● **Exercise objective**:
The following data is to be repeated exactly, its pictures excluded.

● **Data shown**:
---
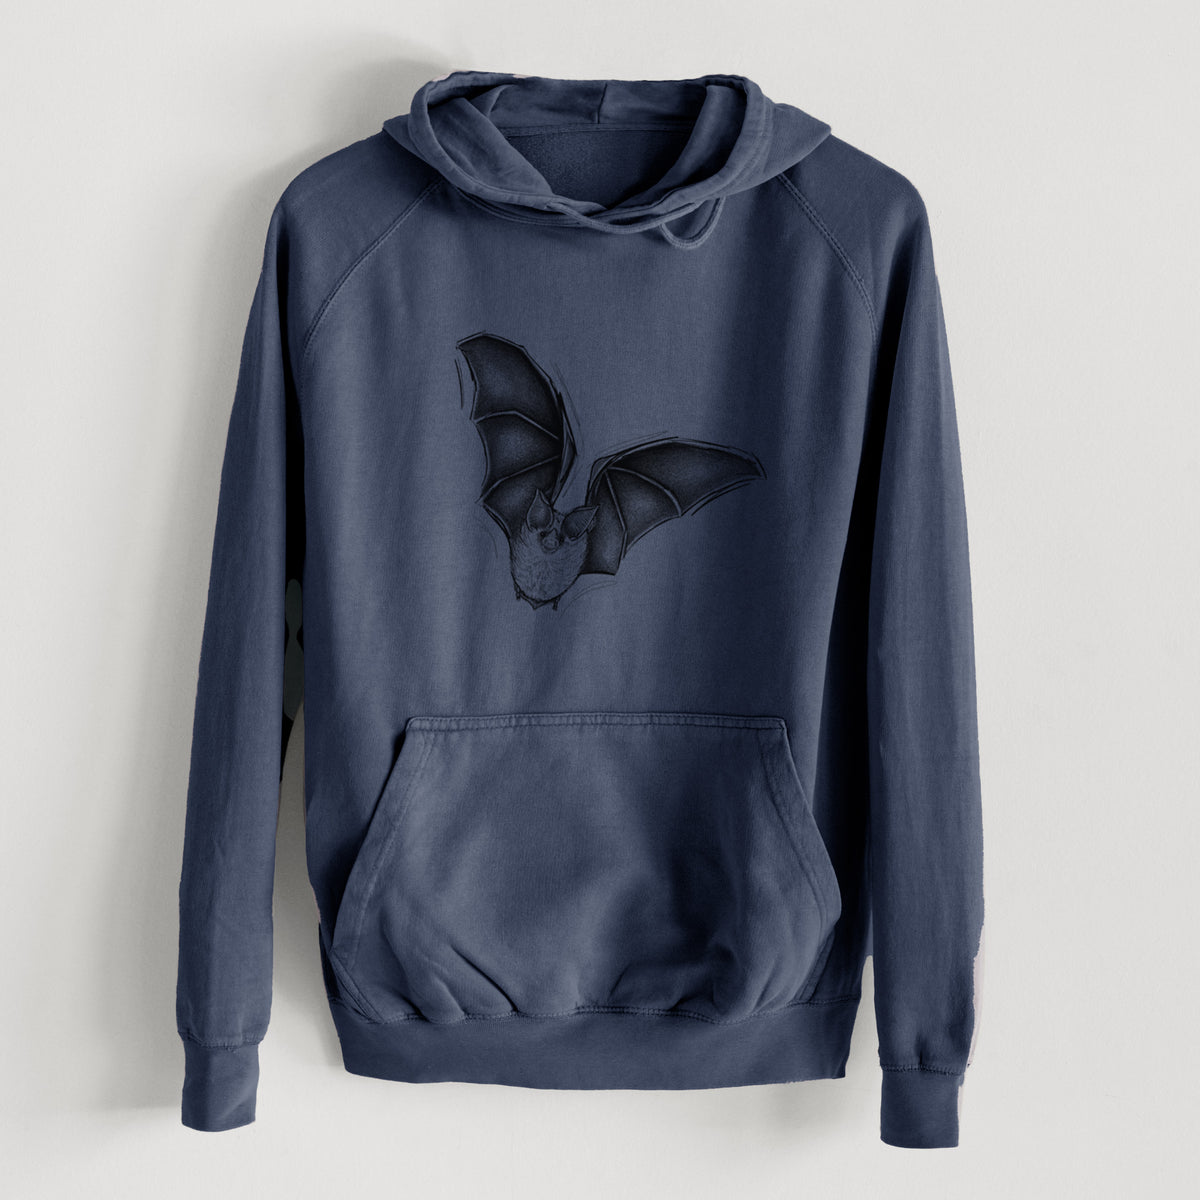 Macrotus californicus - California Leaf-nosed Bat  - Mid-Weight Unisex Vintage 100% Cotton Hoodie
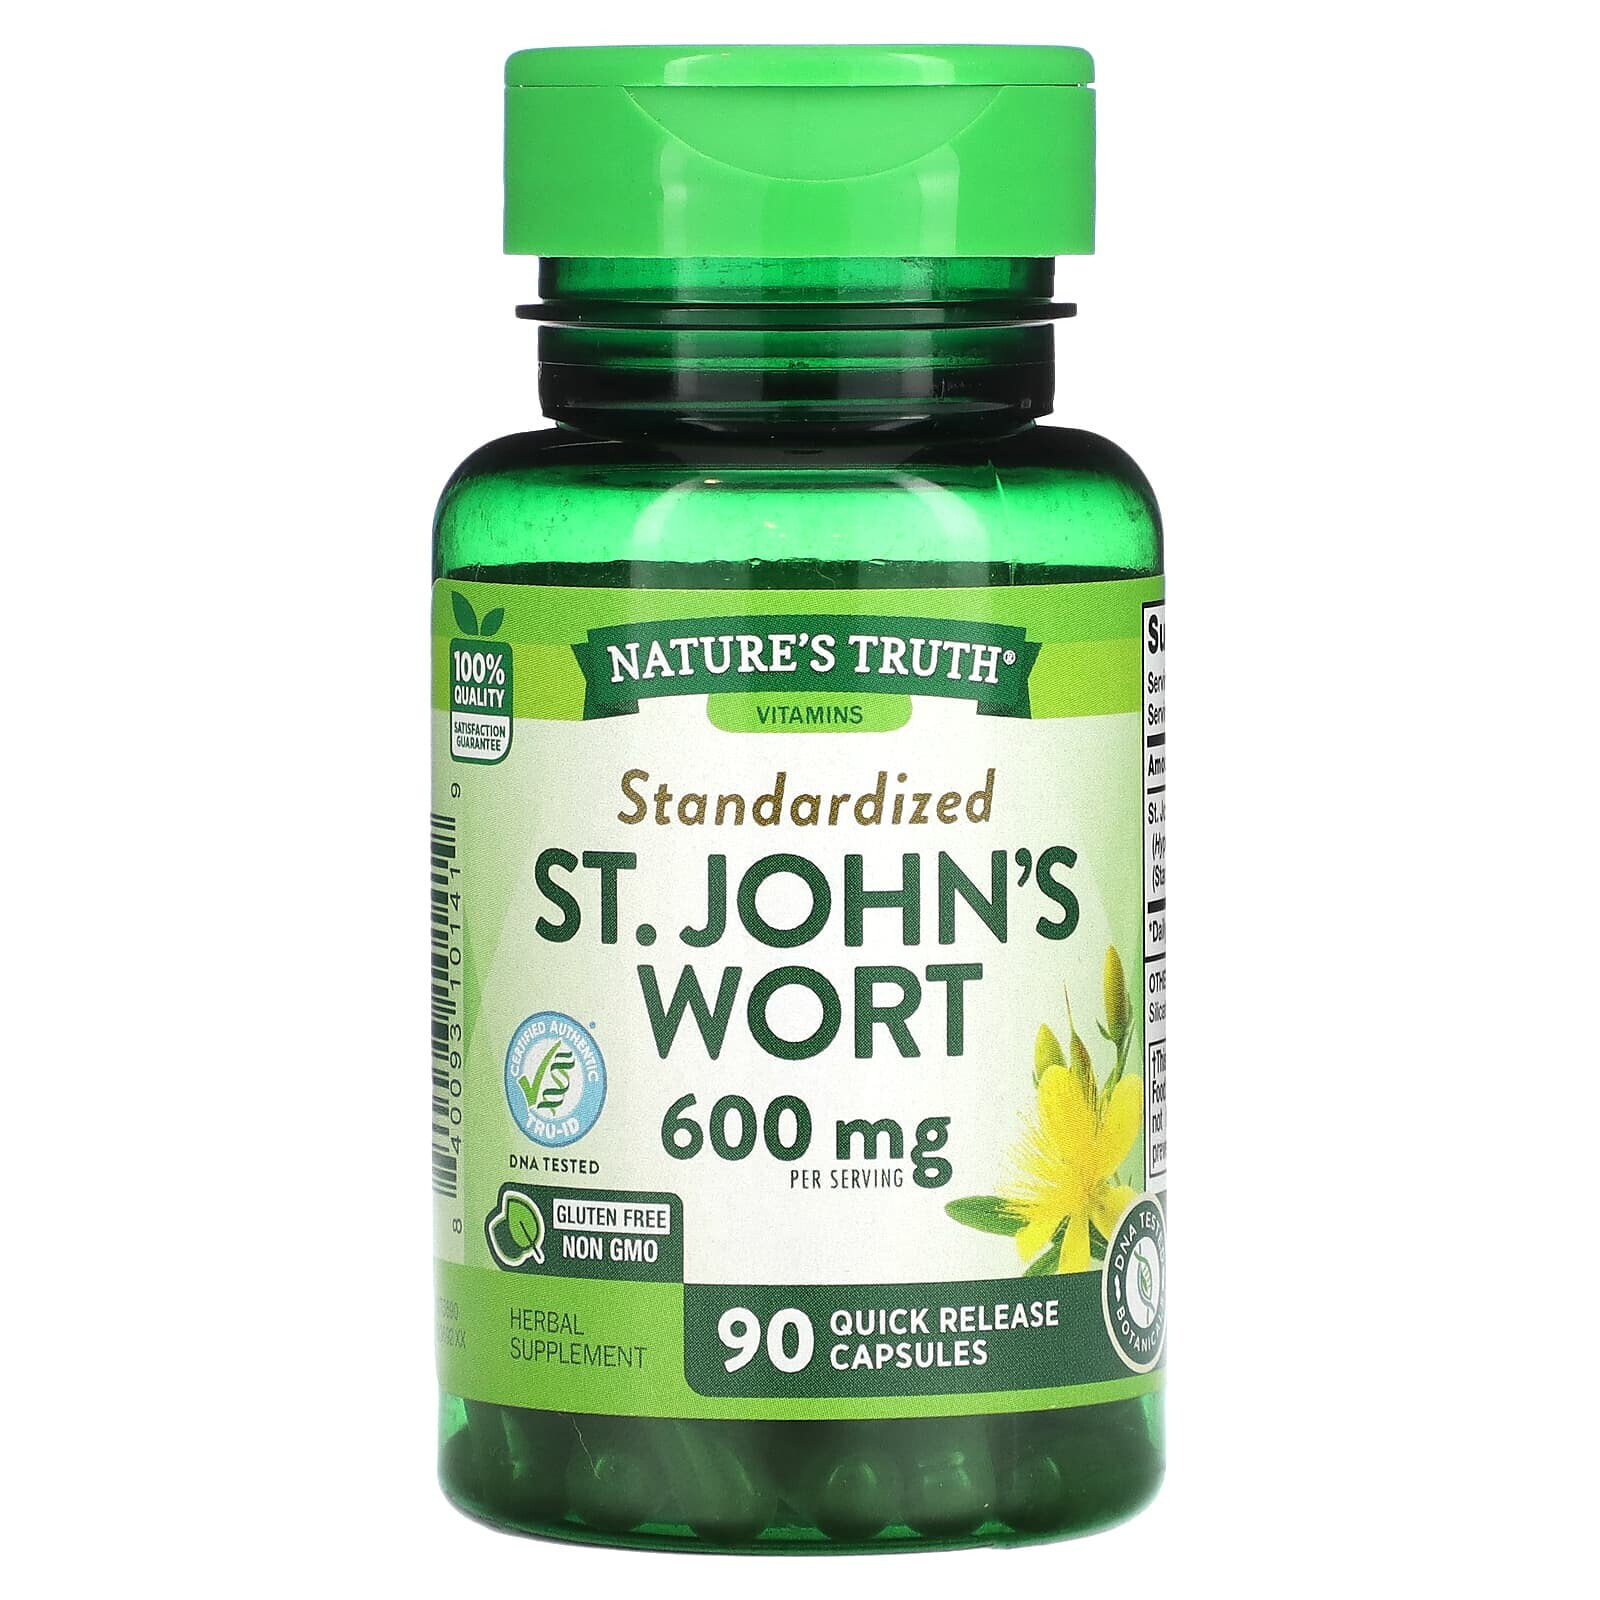 Standardized St. John's Wort, 600 mg, 90 Quick Release Capsules (300 mg per Capsule)
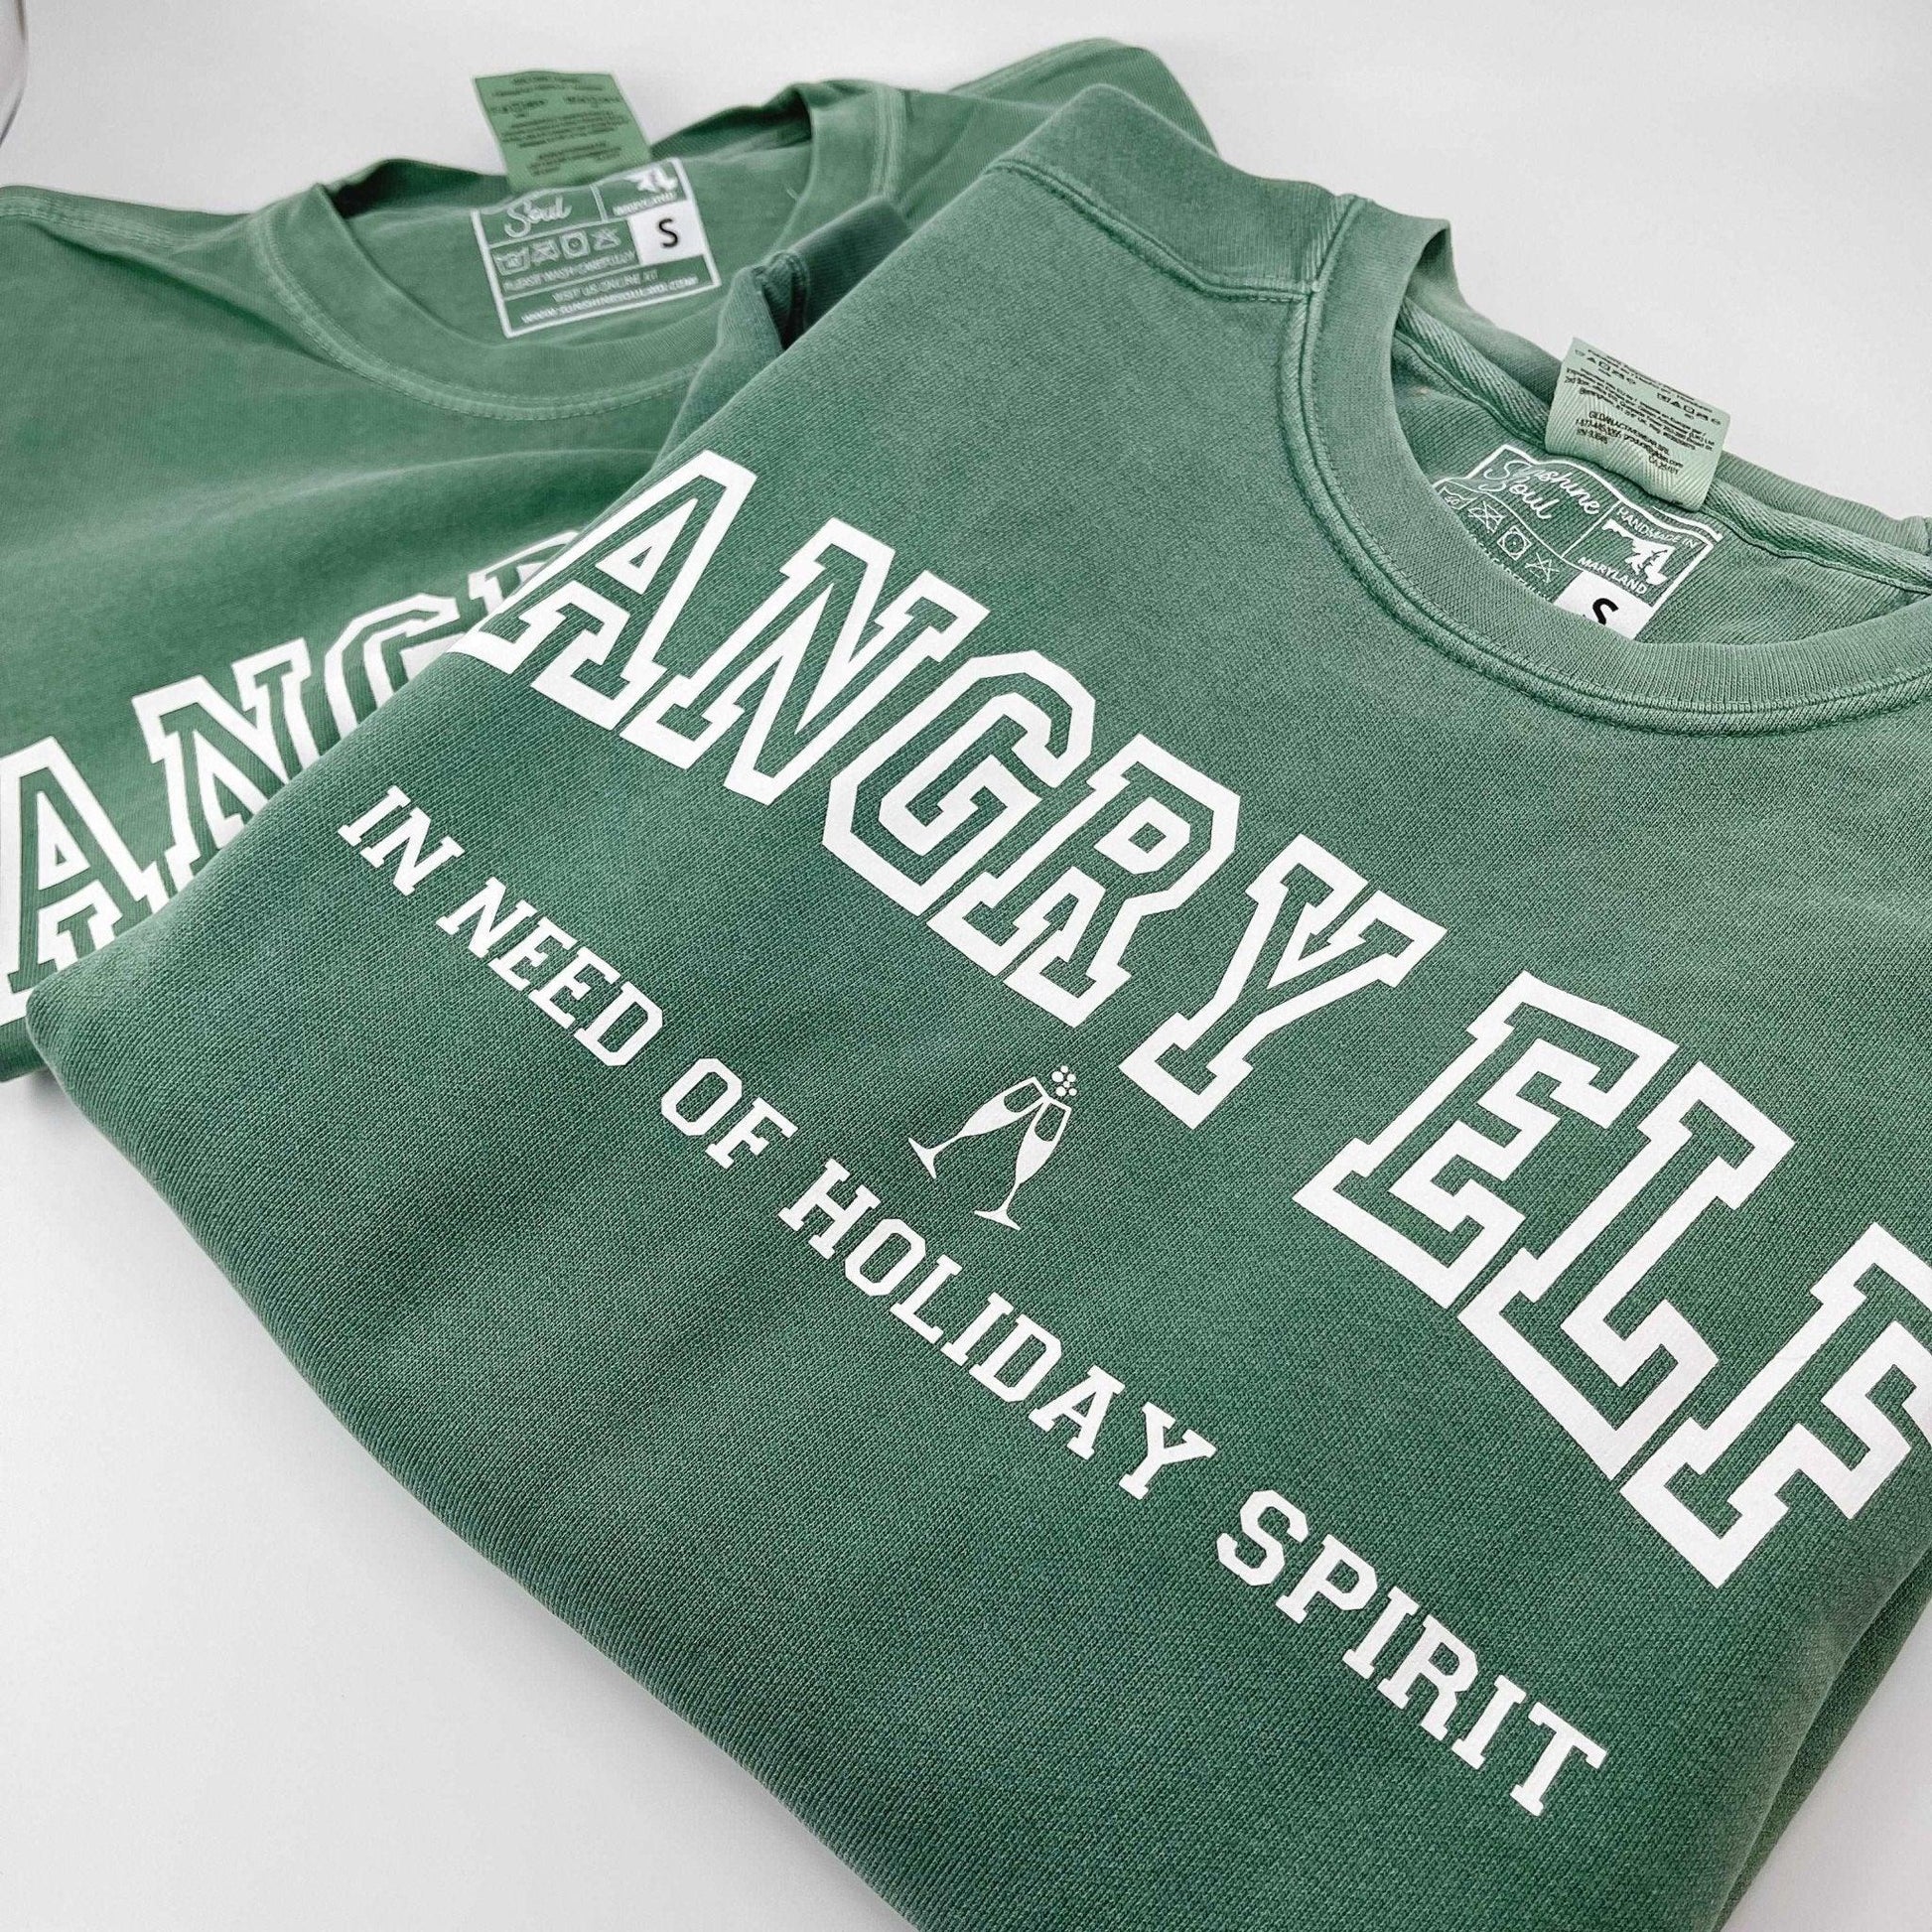 Angry Elf Long Sleeve T-Shirt - Sunshine Soul MD
---
● **Answer to this problem**:
 Macrotus californicus - California Leaf-nosed Bat  - Mid-Weight Unisex Vintage 100% Cotton Hoodie
 Standardized St. John's Wort, 600 mg, 90 Quick Release Capsules (300 mg per Capsule)
 Angry Elf Long Sleeve T-Shirt - Sunshine Soul MD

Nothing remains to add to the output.